The model passed the test, and we can now upload the model by clicking "Submit". If there is a problem with the dynamics, we can either fix the code and scheme manually, or add a comment in the comments box within the AI-assisted conversion pipeline section of the upload form (as explained in the section above). If you receive an error when testing the model, clicking "Convert/fix" will send the error together with any comments you added to the conversion pipeline.

Model analyses

modelRxiv is aimed at models that can generate dynamics visualizations on-the-fly rather than running computationally intensive analyses that might take hours or days. However, seeing as models may include results that do not fit the step-wise dynamics display, modelRxiv also allows uploaders to specify a function in their code that can generate a figure. Analyses run some code and return an image, or data that matches one of the visualizations on modelRxiv. For instance, we can use the `matplotlib` library to generate an image that will be displayed in the browser:

import matplotlib.pyplot as plt

async def my_analysis(params):
	fig = plt.figure(figsize=(6,6)) # Create a square image
	plt.imshow(np.random.normal(size=(100,100), scale=params['s'], loc=0.5))
	plt.axis('off') # Remove axes
	plt.tight_layout(pad=0) # Remove padding around image
	plt.show()

In this example, we intentionally hide the axes and remove padding so that the image fits the square grid on modelRxiv. We can then specify the axes in the analysis definition in the model scheme:

# Analysis: generate_grid
function=my_analysis
type=image
xlabel=x
ylabel=y
xlim=0,100
ylim=0,100

In the example below, we define an analysis that generates a 2-dimensional grid figure.

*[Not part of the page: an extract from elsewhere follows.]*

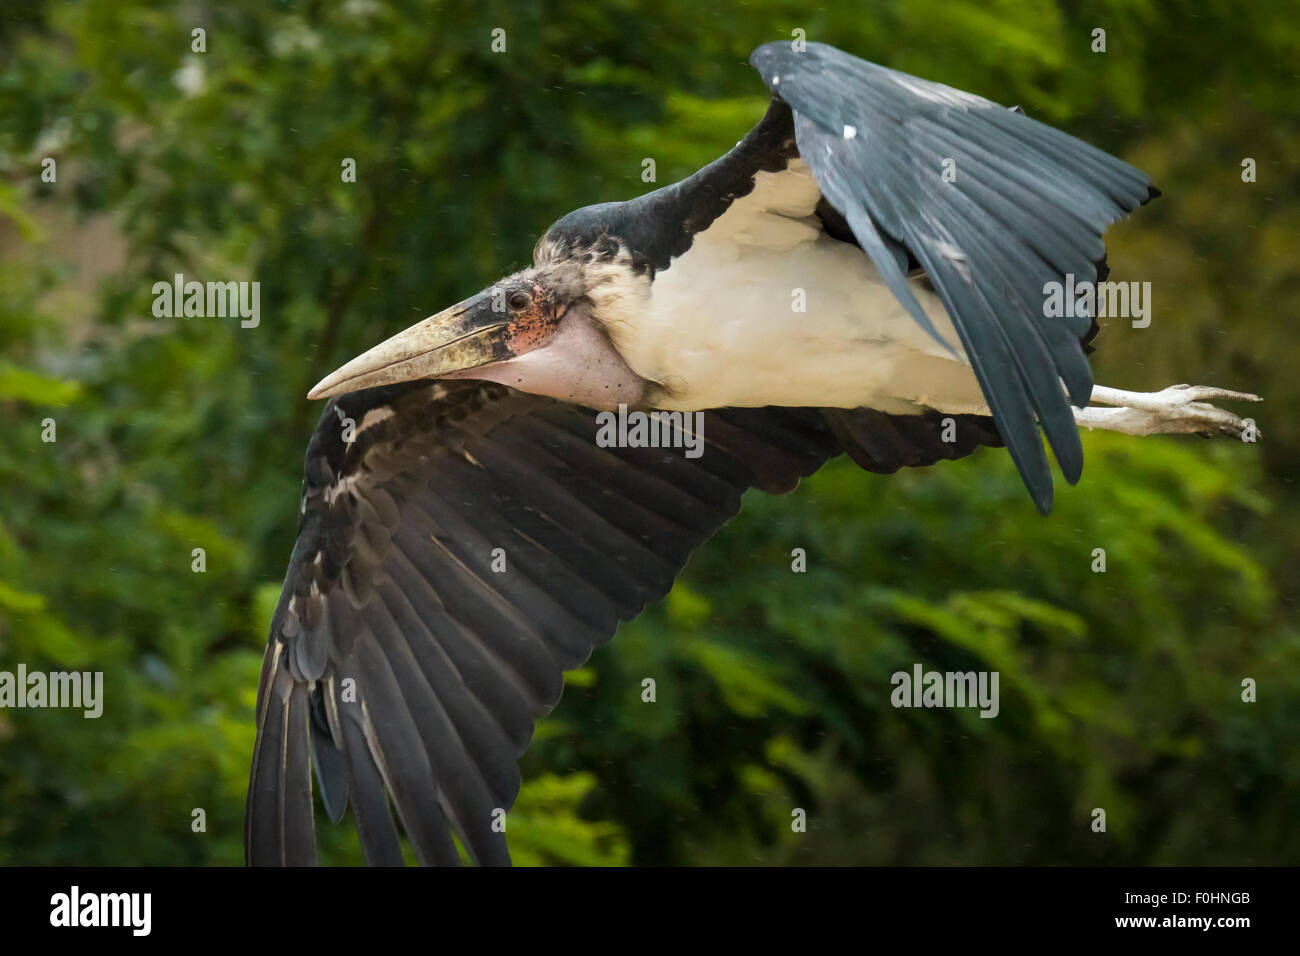 Primer plano de un pájaro en pleno vuelo cigüeña Marabú Foto de stock
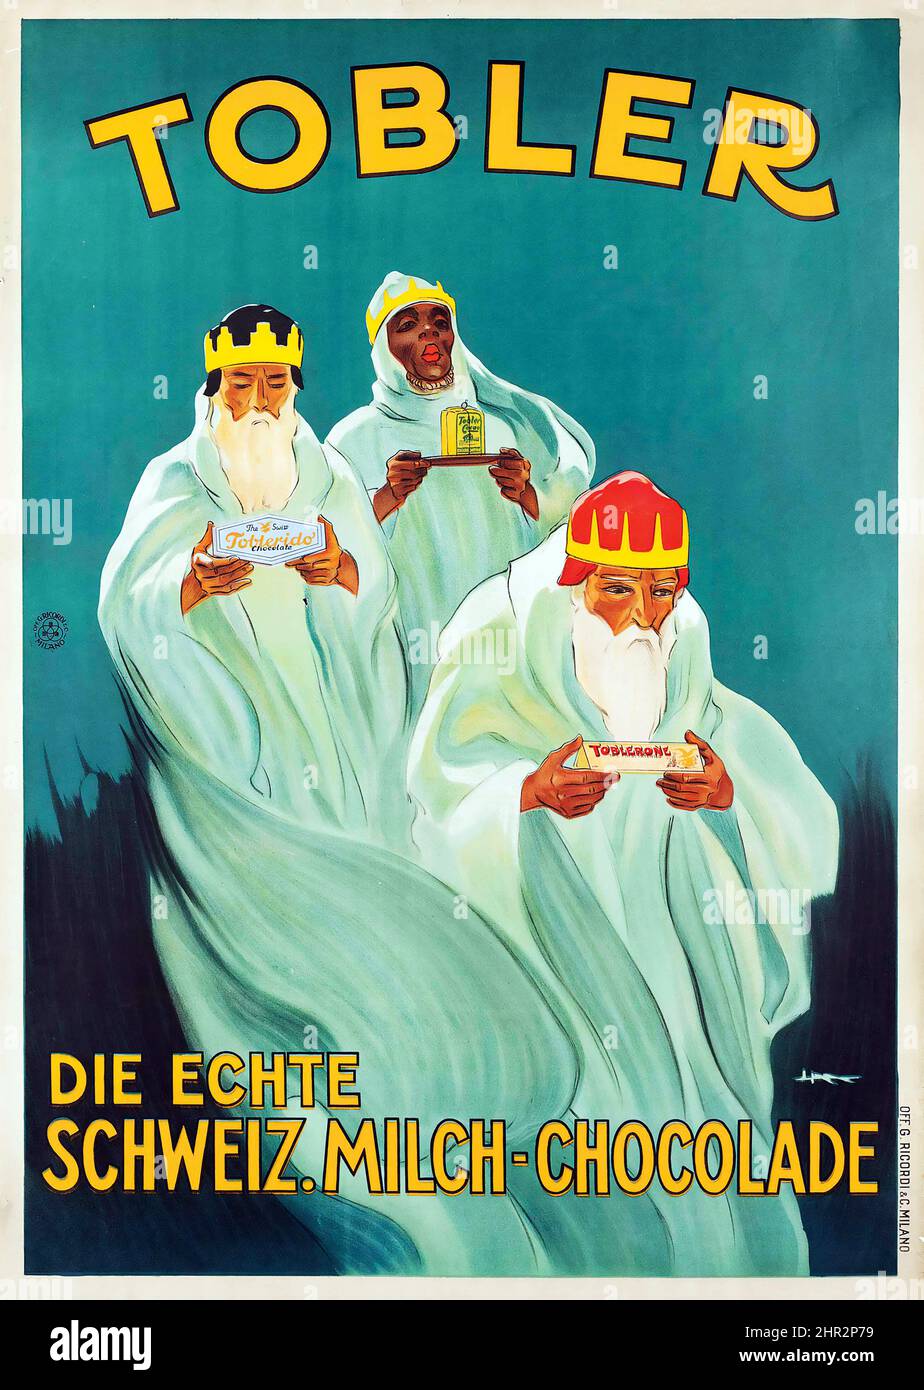 TOBLER - Lithographie in Farben, um 1925, gedruckt von G.Ricordi & C., Mailand, Vintage Werbeplakat. Werbung für Schweizer Milchschokolade. Drei Weise. Stockfoto

# Analysis: fixation_analysis_grid
function=run_fixation_grid
type=mat_grayscale
xlabel=s
ylabel=h
xlim=0,1
ylim=0,1

Note that the function `run_fixation_grid` must be defined in your code and return data that fits the `mat_grayscale` (grayscale matrix) plot. Below is an example of such a function that runs the model dynamics and returns a result of 0 or 1 for a grayscale matrix.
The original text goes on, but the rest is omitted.